Болтаюсь, я, короче, в коптильне под самым потолком и кайфую. Кайфую и мужаю одновременно. Твердею не только телом, значит, но и характером. И чувствую, что пройдет еще немного времени, и стану я не мальчиком мягким, аморфным, но мужем. Причем, мужем таким обаятельным и привлекательным. Таким, что одного вашего взгляда на меня хватит (да простят меня вегетарианцы) для вызова обильного слюнотечения. Ой, елки-палки, прямо как академик Павлов со своею собакой подопытной Белкой (или Стрелкой? Плевать, не суть важно). И чувствую я себя таким волшебно сильным, что даже не думаю об истинном своем предназначении – оказаться нарезанным на тонкие колечки и разложенным на фарфоровые тарелочки. Точнее, думаю, но чувствую, что не будет этого. Иная мне судьба предначертана. А какая – неведомо. Знаю только, что не быть мне рассеченным и съеденным. Твердо знаю. А если знания твердые проявились, значит, характер возник. И не просто характер, а твердый такой, настоящий мужской, в общем. Харизма, короче. И так мне, братец, захотелось вдруг стать человеком! Так захотелось… что понял я – цель в жизни появилась. Ну, а уж коли цель есть – пиши: «пропало». Пиши, пиши… Воля, говорят, чудеса творит. Если чего-либо очень хочешь – непременно случится. Не-пре-мен-но! Ты уж мне поверь на слово, я то знаю. Да и свидетели существуют. Николай, например, батя мой приемный. Да и Лешка, вон, похоже, не сомневается, смеется. Леш, почему, кстати, ты не сомневаешься? Когда закончим, ответишь? Ну, ладно, идет!
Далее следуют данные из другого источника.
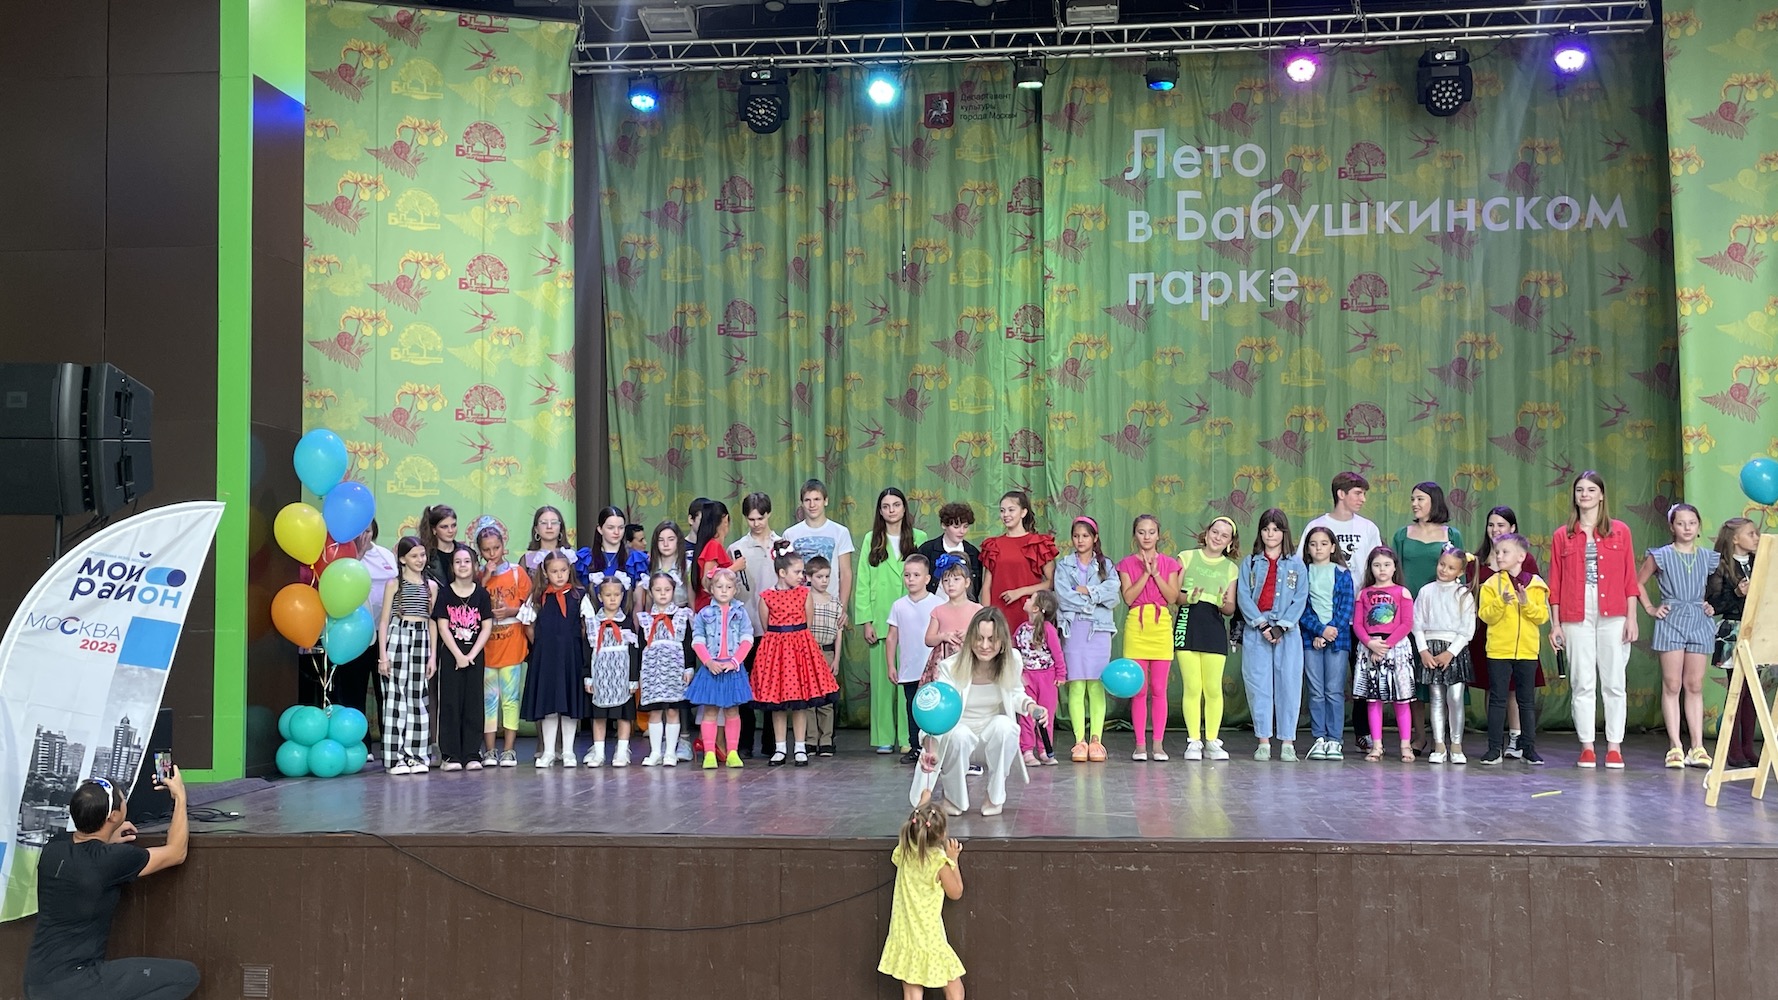 Семейный фестиваль «Ретростиль» состоялся в Лосиноостровском, фото

Дальше, значит. Продолжаю.
Характер мой затвердел, и в ту же секунду дверь открылась (точнее, шторки распахнулись) передо мной в большой мир. В ваш мир, людской. Выехал я из коптильни, гордо покачиваясь на транспортере. Чистый весь такой, ароматный, самодостаточный, с единственной целью в жизни – стать человеком, таким же сильным и красивым, как тот, что нежно снял меня с крючка и бережно уложил в ящик поверх моих братьев, таких же чистых и ароматных, как я, но бесцельных, а, потому, предназначенных на съедение вашему брату. За своими думами я и не заметил, как поставили наш ящик с десятком таких же впритирочку в крытый фургон, захлопнули глухую дверь, и враз стемнело. А потом… Потом нас начало трясти. Это я сейчас понимаю, что машина с места тронулась и поехала, а тогда напугался. И сильнее, пожалуй, чем когда крысы вокруг бегали. Спаси меня, бог колбасный, не дай во тьме трясучей навеки пропасть из родного ящика! Спаси и сохрани, ладно? Уж я, поверь, не забуду…
И вот тут-то, братья мои и, естественно, сестры по разуму, последовала цепочка тех знаменательных для меня событий, которые, с одной стороны, крепко пошатнули мою уверенность в собственных силах, а с другой – дали понять, что если не хочешь, колбаса ты этакая, быть съеденным, слопай кого-нибудь сам. Или заставь кого-то схарчить не тебя, а ближнего твоего. Подставь, короче. Или, на худой конец, наблюдай молча, не высовывайся.
А произошло следующее.
Тряска неожиданно закончилась, дверь фургона распахнулась, и в нашу тесную каюту хлынул солнечный свет. Спас-таки, бог колбасный. Спас! Обещание свое помню, постараюсь не забыть. Хотя… Как там у вас говорится? Обещать – не значит жениться? Так, кажется?
Значит, дверь распахнулась, свет хлынул, и услышал я голоса. Два голоса – мужской, мягкий и глубокий, и женский – твердый, но ласковый. Первый принадлежал экспедитору, мужику с волосатыми руками (я еще тогда подумал, что у меня скоро такие же будут), который привез товар, то есть нас с братьями и сестрами, а второй – товароведу, миловидной (на мой колбасный взгляд) даме с нежными ладошками. Боже, как эротично она меня погладила!
– Здравствуйте, Мария Станиславовна.
– Добро пожаловать, Мишенька. Тебе мы всегда рады. Чем сегодня порадуешь?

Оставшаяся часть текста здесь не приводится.